210 Tasting Notes
The addition of caramel flavour to this blend saves it from being yet another, generic, chai-like thing; it elevates it to a whole new level. The fragrance and flavour are both lovely. Casting Whimsy suggest sweetening it with a bit of ‘nog; I didn’t, but I bet that’d be really good.
I am giving up on trying teas with ingredients I don’t like, no matter how tempting. The lavender in this blend was tempting, but I passed on it ‘cos peppermint. That said, Mum loves mint tea and she really liked this one. So if you like mint tea, don’t hesitate to give this a try.
Flavors: Chamomile, Peppermint
The last time I thought, “What sorcery is this?” was when I spread Biscoff on toast. Funnily enough, this time it’s about drinking biscuits (cookies), not spreading them on toast. I don’t know how they combined berries and flowers to make cookies, but I’d be a lot slimmer if I could figure that out.
Anyway this is delicious and I super duper recommend it.
This one smells super chocolatey and tastes like chocolate-covered cherries. The long and diverse list of ingredients confuses me, because in the end it still tastes straight-up like chocolate-covered cherries, so I’m not sure what—if anything—all those other ingredients add to the mix.
Be a little careful steeping this one. In my thus far limited experience of Yawn tea, the black tea base they use tends to get bitter pretty quickly. I’d stay close to the three-minute mark and be generous with the cream and/or sweetener, if that’s your kind of thing.
If you like chocolate-covered cherries, I think you’ll like this one. I love them and love this. And while I couldn’t find any info about particular certifications, this is vegan.
Flavors: Cherry, Chocolate
You know how sometimes when you’re painting you start out with these lofty aspirations of colour experimentation? I’m just going add a dash of this, and a dash of that, and… And in the end the beautiful hue you were hoping to create resembles something not entirely unlike … mud?
That’s this tea. It is … not good. It seems like it would be lovely, on paper, but no. Sadly, the result is a thing whose fragrance made my nose crinkle and whose taste made my tongue try to mimic my nose. I can’t even describe why it’s so awful, it just is.
I don’t have the heart to rate it, just stashing this note here so I don’t accidentally buy it.
Ach, I’m so far behind on logging my slurps! I’m not saying I bought too many advent calendars this year, because what even is that, but…
Anyway. Yawn is a brand new to me (and apparently to Steepster, so I guess I’ll be adding a bunch of new blends to the database) and now that Christmas has come and gone, I’m cheating by reading the back of their advent calendar box and just selecting whichever tea I feel like trying. Today we start with number 24, the last in the box.
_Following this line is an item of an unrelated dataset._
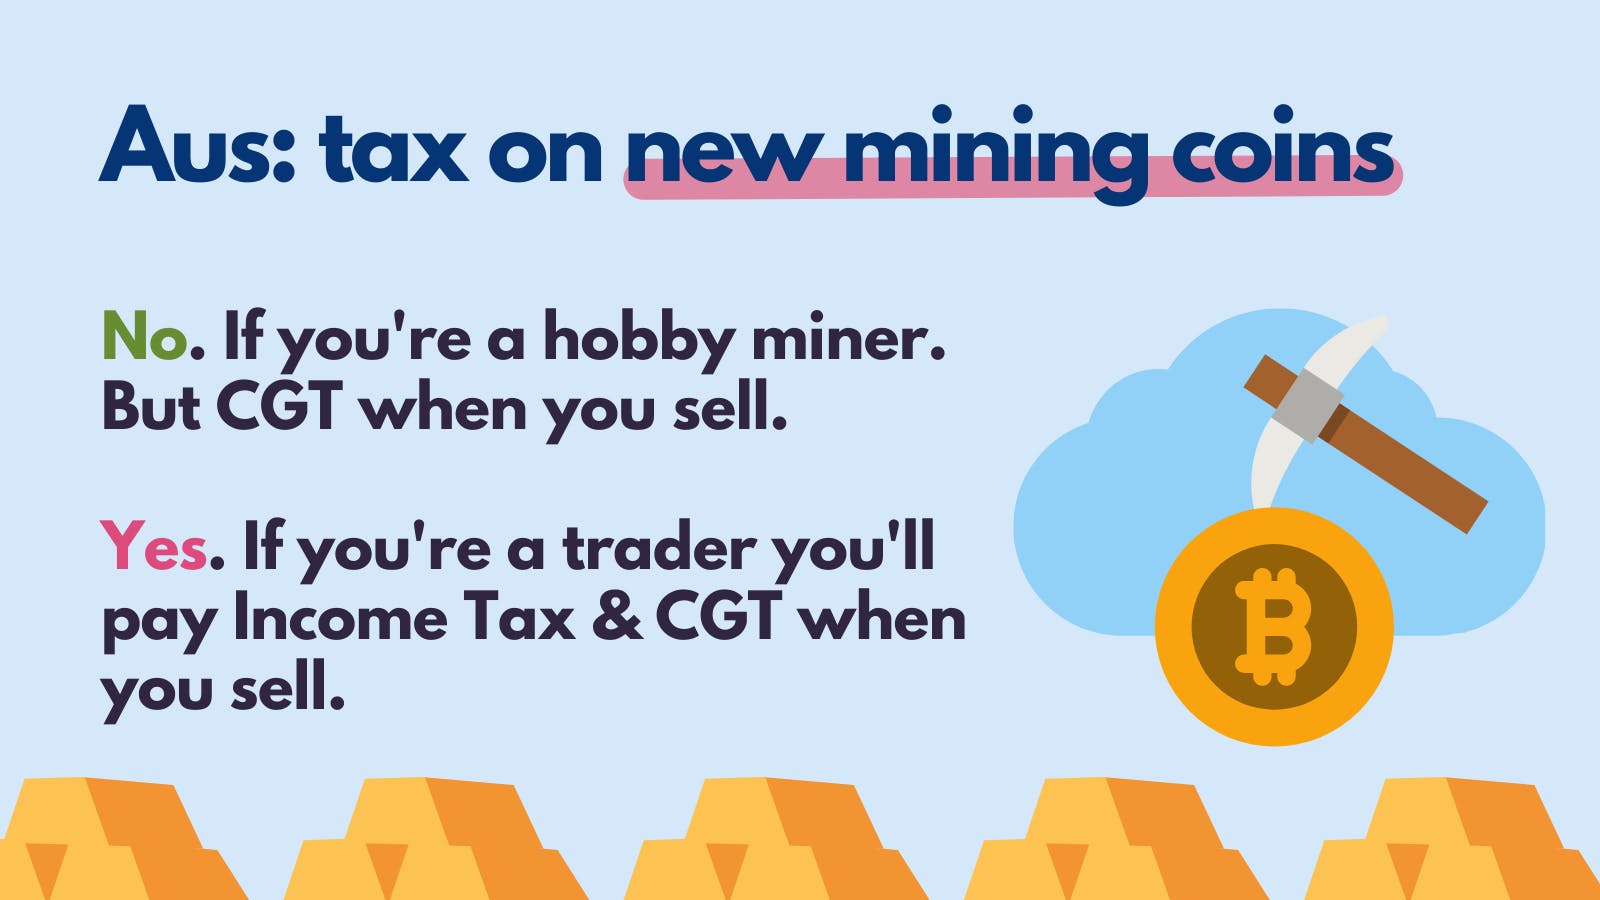 how to do taxes for crypto mining

Star anise is an interesting choice here. Black jellybean flavour wouldn’t be my first choice to add to a gingerbread blend, but it works pretty well. What I like most about it is that you get a nice and mild liquorice-y flavour without the usual coating of the tongue and throat that liquorice in tea tends to do. Maybe it’s just me, but liquorice teas always make me scramble for the tongue scraper when I’m done.
What’s a little less nice is that no matter how you shake it, anything liquorice-like doesn’t know how to be subtle; consequently, while the other spices give this blend a nice sort of roundness and depth, it’s still blatantly liquorice-y. Still, it’s quite nice.
I was very happy when I opened this pouch. Just three ingredients (red rooibos, bergamot, and cornflower), and I love both rooibos and bergamot. Both are apparent when you stick your nose in the pouch, although I had to work for the bergamot a bit. After steeping in boilingish water for 10ish minutes, I was surprised to discover that I had to work even harder to taste anything but rooibos. I was able to taste it a bit after the nyum-nyum test, but it’s waaaaay too subtle for me. This is a perfectly lovely rooibos, but I can’t say it’s much more than that. (To be clear, I love rooibos and could drink it all day, but I could also pay a lot less for plain rooibos in bulk than for the artisanal blends created by Casting Whimsy.)
The idea of rooibos and bergamot is lovely (more bergamot and no caffeine yes please) and I feel like I tried an Earl Grey rooibos recently that I liked better than this. I’ll have to check my notes and order more of that. =)
Welp, I goofed. =(
I wanted to make a note of this blend as one that I definitely wouldn’t mind trying again, and trying properly. Despite a thorough rinsing, the peppermint from my last cup of tea lingered and ruined this one for me. It’s very clearly peaches and cream, but it’s pretty subtle. I’ve never had sencha and Chun Mee before (had to look them up!) but I think this could have been a nicely layered cup, had I been able to taste it properly. No rating as that’d be unfair.
This blend had such potential! Black tea, lemongrass, and lemon balm would’ve been amazing. It was ruined by the peppermint, which is all I could smell and taste! Ugh. If you want peppermint, just get peppermint.